As well as discussing current and future activities, the Alliance’s 10th meeting (28 February) was an opportunity for GIA to welcome the group’s newest member, the hull performance solutions provider, Hempel.
The company’s Executive Vice President and Head of Marine, Alexander Enström, told the gathering they were looking forward to working with GIA.
“We believe that strong collaboration between all stakeholders – governments, NGOs and the maritime industry – is needed to identify challenges and accelerate solutions to decarbonise the maritime industry and protect marine environments”, he said.
Biofouling is the accumulation of microorganisms, plants, algae, or small animals on underwater surfaces such as ships’ hulls.
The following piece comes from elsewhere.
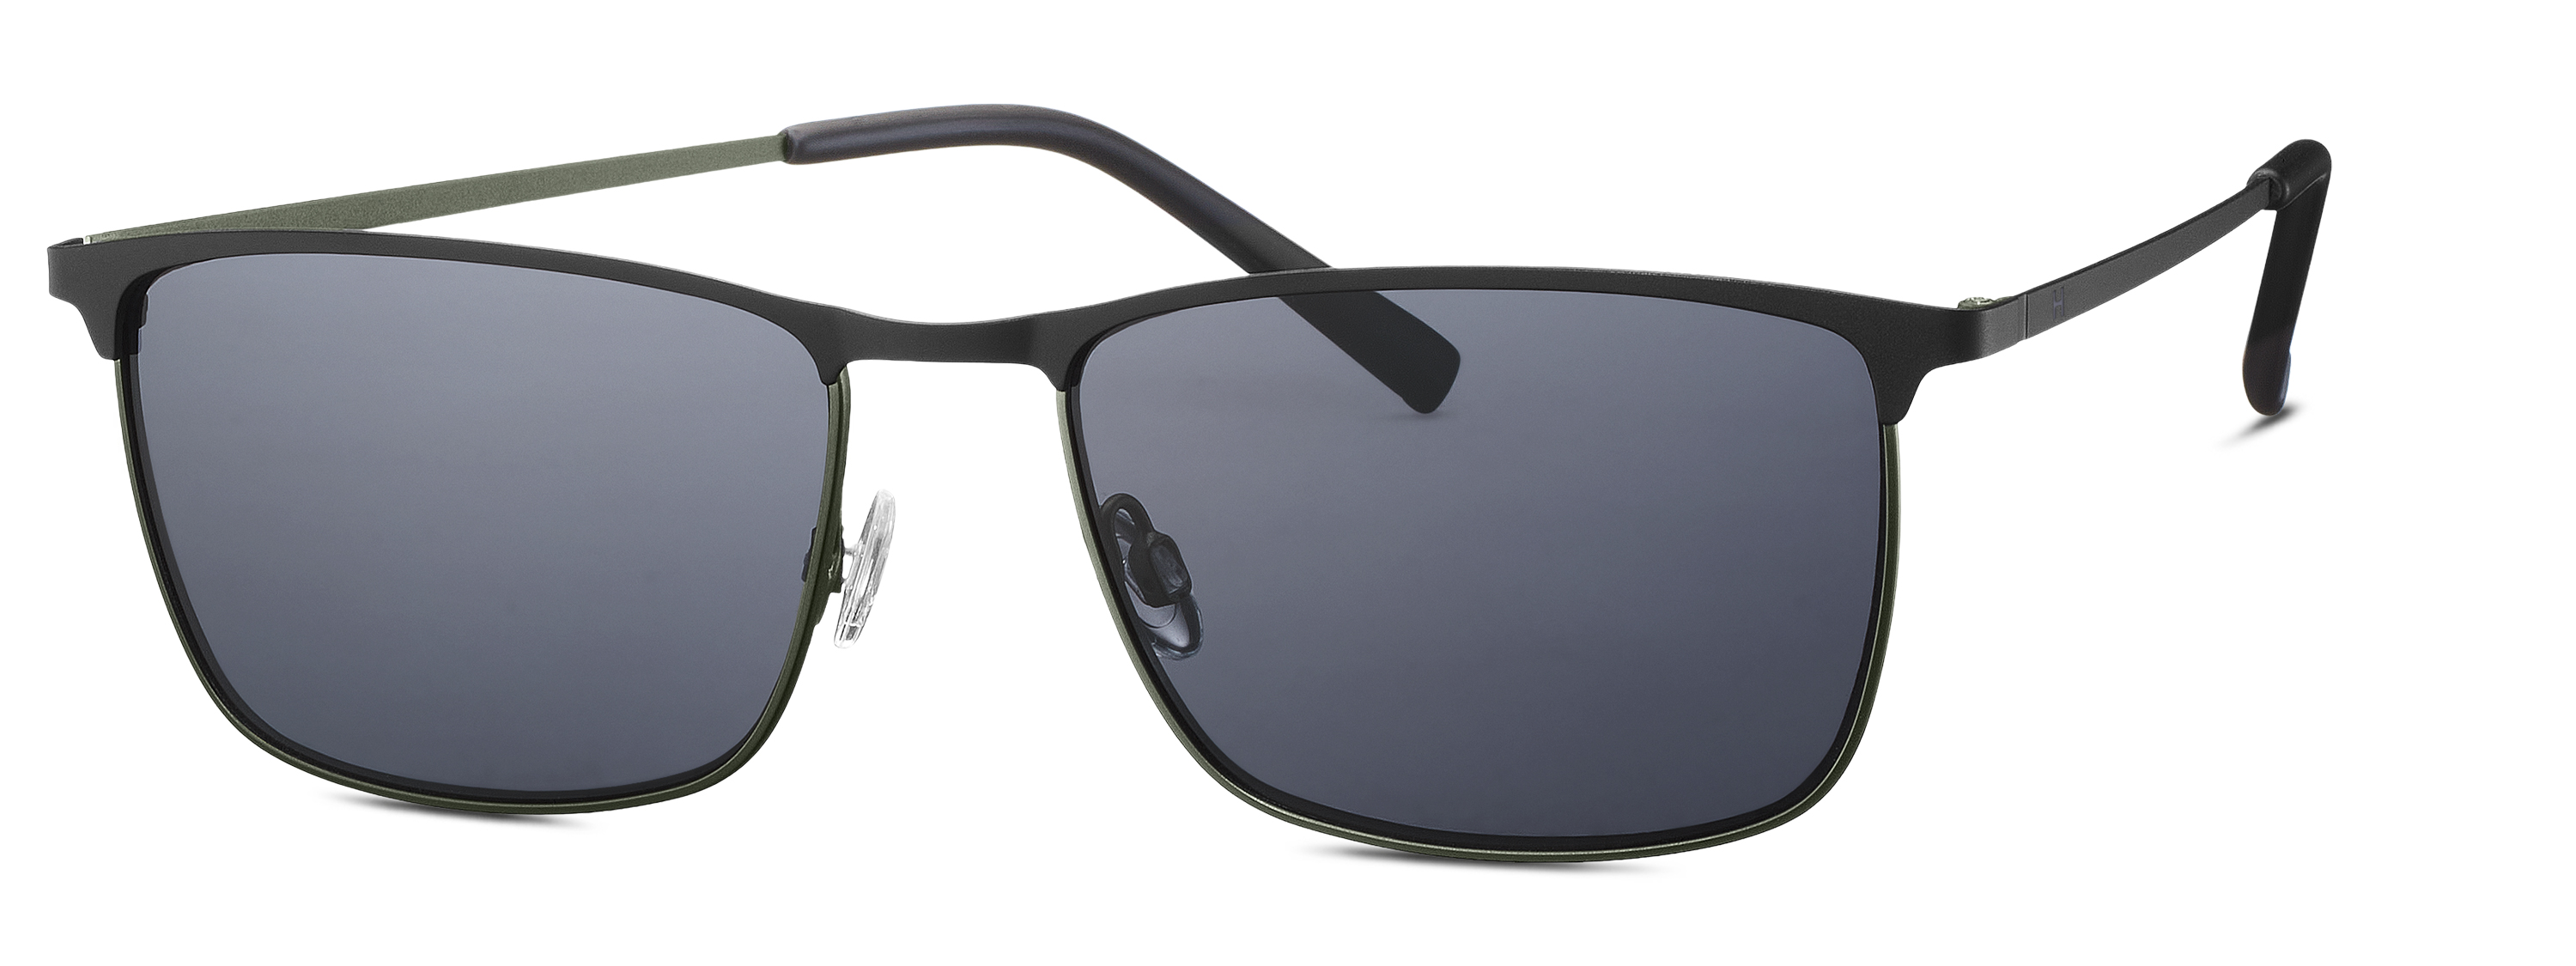 [products.image.front] HUMPHREY´S eyewear 585332 10 Sonnenbrille

It can create irreversible effects on marine biodiversity by introducing potentially invasive aquatic species into new environments. Biofouling also contributes to higher greenhouse gas emissions because it increases the drag of ships, forcing them to burn more fuel.
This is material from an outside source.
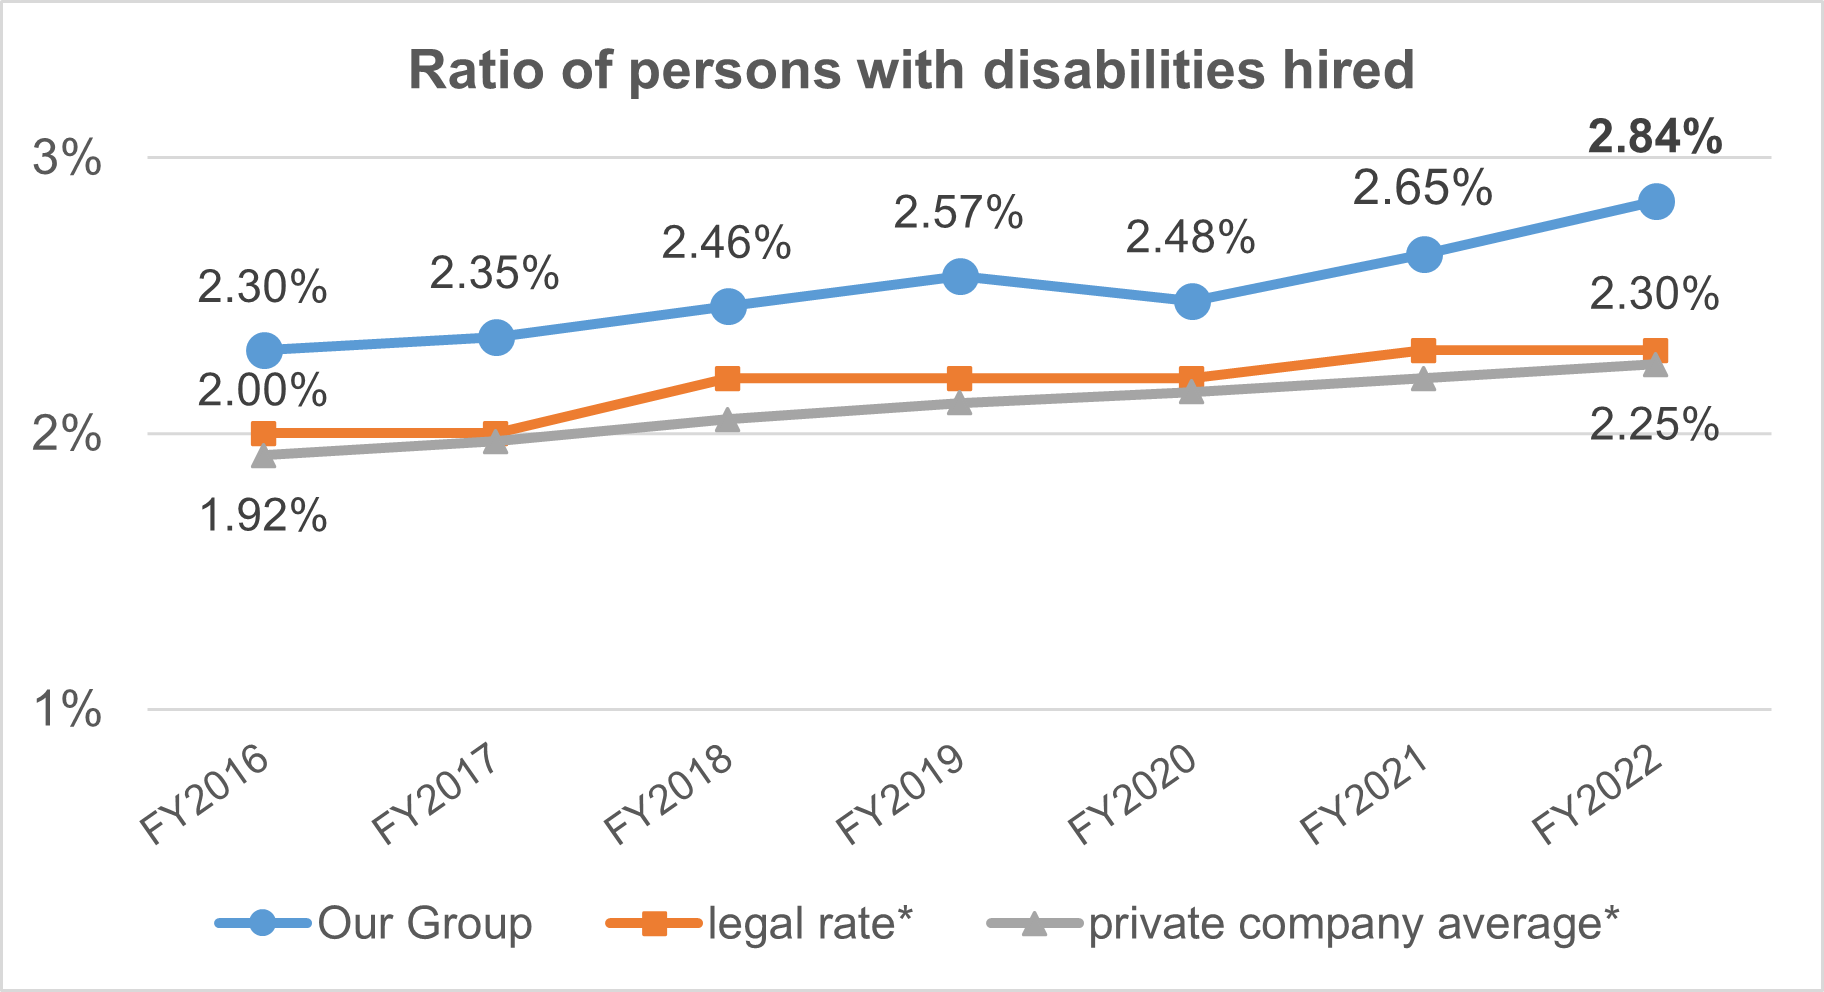 Ratio of persons with disabilities hired

The GIA for Marine Biosafety was launched in 2020 as part of IMO’s GloFouling Partnerships Project to support two key IMO environmental objectives via improved biofouling management: protecting marine biodiversity and the decarbonization of shipping.
As a way of raising awareness of how severe a threat biofouling is to marine biodiversity, the GIA membership agreed to produce a half-hour video to highlight the environmental and economic impacts of invasive aquatic species in local communities and countries at large.
GIA recently released a short animation outlining the problem of biofouling as well as some of the solutions. It includes findings from a study which showed that keeping ships’ hulls free from just a thin layer of slime could reduce a ship’s GHG emissions by up to 25%. The video – also available with Chinese, French, Korean and Spanish subtitles – can be viewed here. It will also soon be available with Arabic subtitles.
The next GIA meeting is due to be held on 27th April 2023 as a full day in-person meeting and workshop, during the 10th session of the Sub-Committee on Pollution Prevention and Response (PPR 10) plenary meeting held at IMO Headquarters.